Most people don’t give TV their full attention when watching it. Many keep an eye on their phone, either while gaming or texting their friends – the industry calls this “multi-screen”. Over 40% of Netflix viewers play games on their phones every month, according to Midia Research. Given this, commercial breaks won’t be as prohibitively expensive for customers. When the TV tries to sell them something they don’t care about, they can go back to playing whatever’s on the phone.

It’s a depressing situation, but the reality is that most people need constant stimulation. We are addicted to dopamine. Multi-screen allows viewers to be entertained at all times, regardless of the content on the main screen. This shift in media consumption habits means that people may be more inclined to accept advertisements than they were before, particularly if their budgets are squeezed by gas prices.

The game is not expensive and sustainable

The large crossover between Netflix watchers and mobile gamers is also part of the reason for the foray into gaming. If you want to charge your customers more money or suffer from annoying ads, you need to offer them more content . Ubisoft partnership announced this week allows Netflix customers to play Assassin’s Creed – Ubisoft’s most successful game to date – at no extra cost. For avid gamers, this is a big advantage.

So far, Netflix has struggled to get its game product off the ground. In the past year, Netflix has acquired three game studios and released 28 games, including one based on the popular show Stranger Things. Unfortunately, so far only about 1.7 million (or 1%) of Netflix customers have played it, according to Apptopia (via CNBC). However, the franchises that Ubisoft brings to the Netflix platform significantly enhance this offering.

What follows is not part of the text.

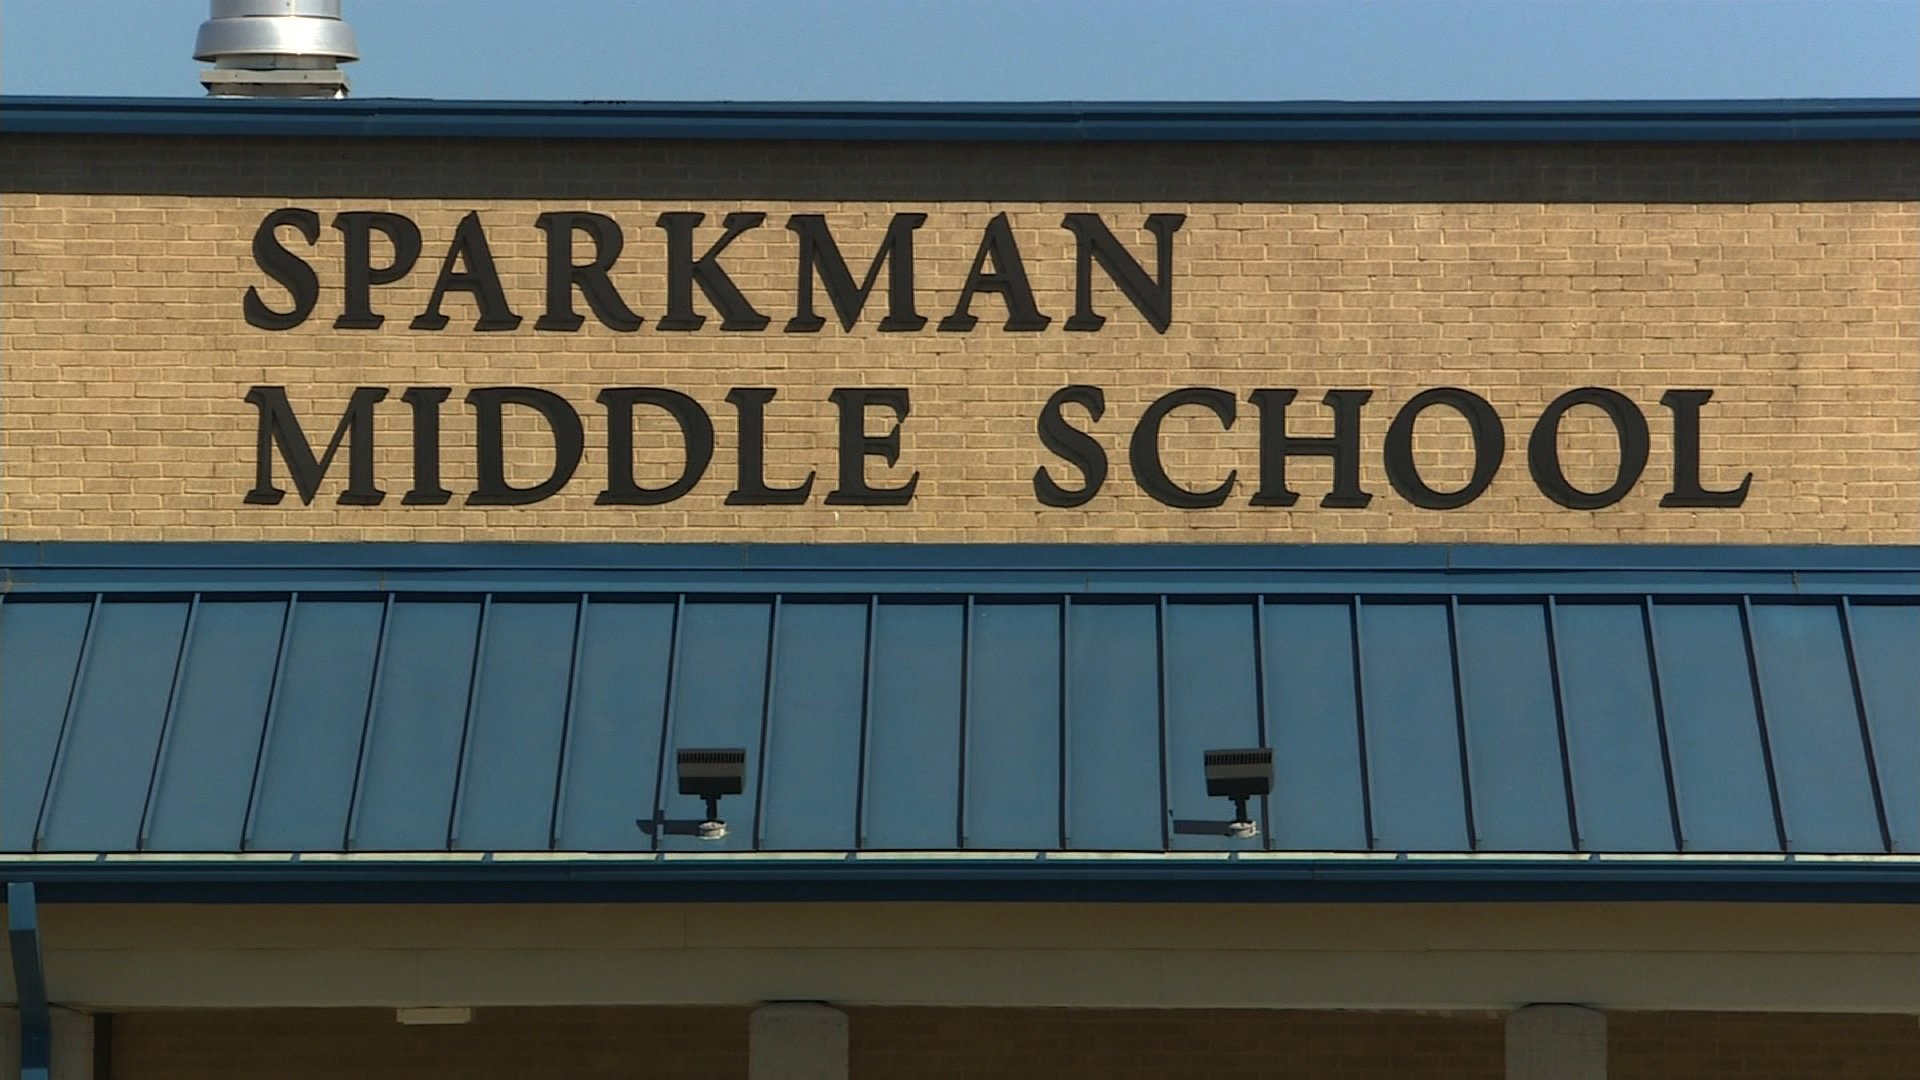 The U.S. Court of Appeals for the Eleventh Circuit agreed to hear oral arguments in an Alabama 'rape baiting' case that happened at Sparkman Middle School in Toney, Alabama, on Jan. 22, 2010. A then-14-year-old girl with special needs said she was persuaded by a teacher's aid to act as bait to catch an accused sexual predator. The accused predator allegedly sodomized her in a school bathroom.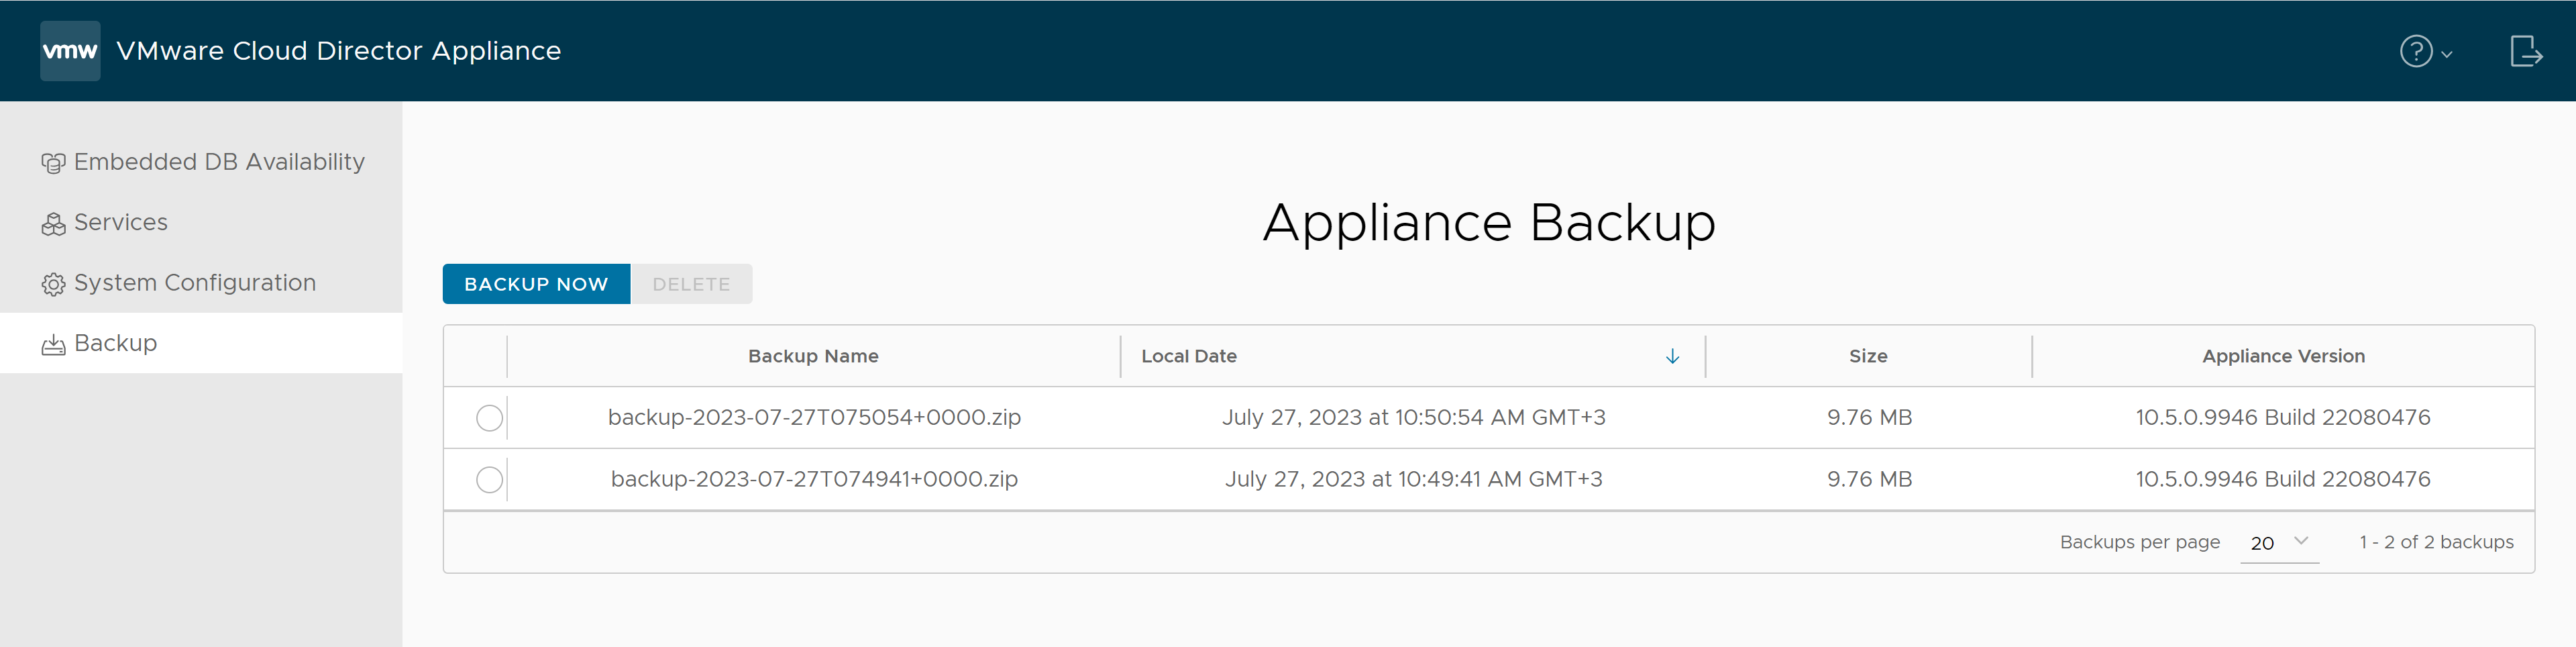 On the Backup tab of the VMware Cloud Director appliance management UI, you can find details about all existing backups.

The big advantage of games over video streaming is that they keep users interested much longer. Remember Tiger King from the first lockdown in 2020? Everyone was talking about it, but the hype soon died. animal crossing, a game made by Nintendo, also saw a huge surge in interest during the lockdown. However, as you can see from the Google Trends chart, it kept the American public interested for much longer.

This means that production costs per hour of user consumption are lower for games than for video. On top of that, games also generate more revenue from users than video. The average revenue per hour for games was $0.56 compared to $0.43 for online subscription video, according to Ampere Analysis. Gaming is a higher-margin business than constantly having to produce expensive shows that consumers then binge on over a weekend.

Moving away from paid-only video streaming is a good idea for Netflix. Advertising and games are much more effective ways to monetize user attention. The problem is execution. If Reed Hastings is successful, then the 63% drop in share price this year is a great buying opportunity for investors.

The concern is that the sudden announcement of ads right after Q1 results smacks of panic. You would prefer management to be proactive rather than reactionary. However, any writer will tell you, pressure is needed to sharpen the wit. At this price, it’s worth betting that a dose of panic is exactly what Netflix needed.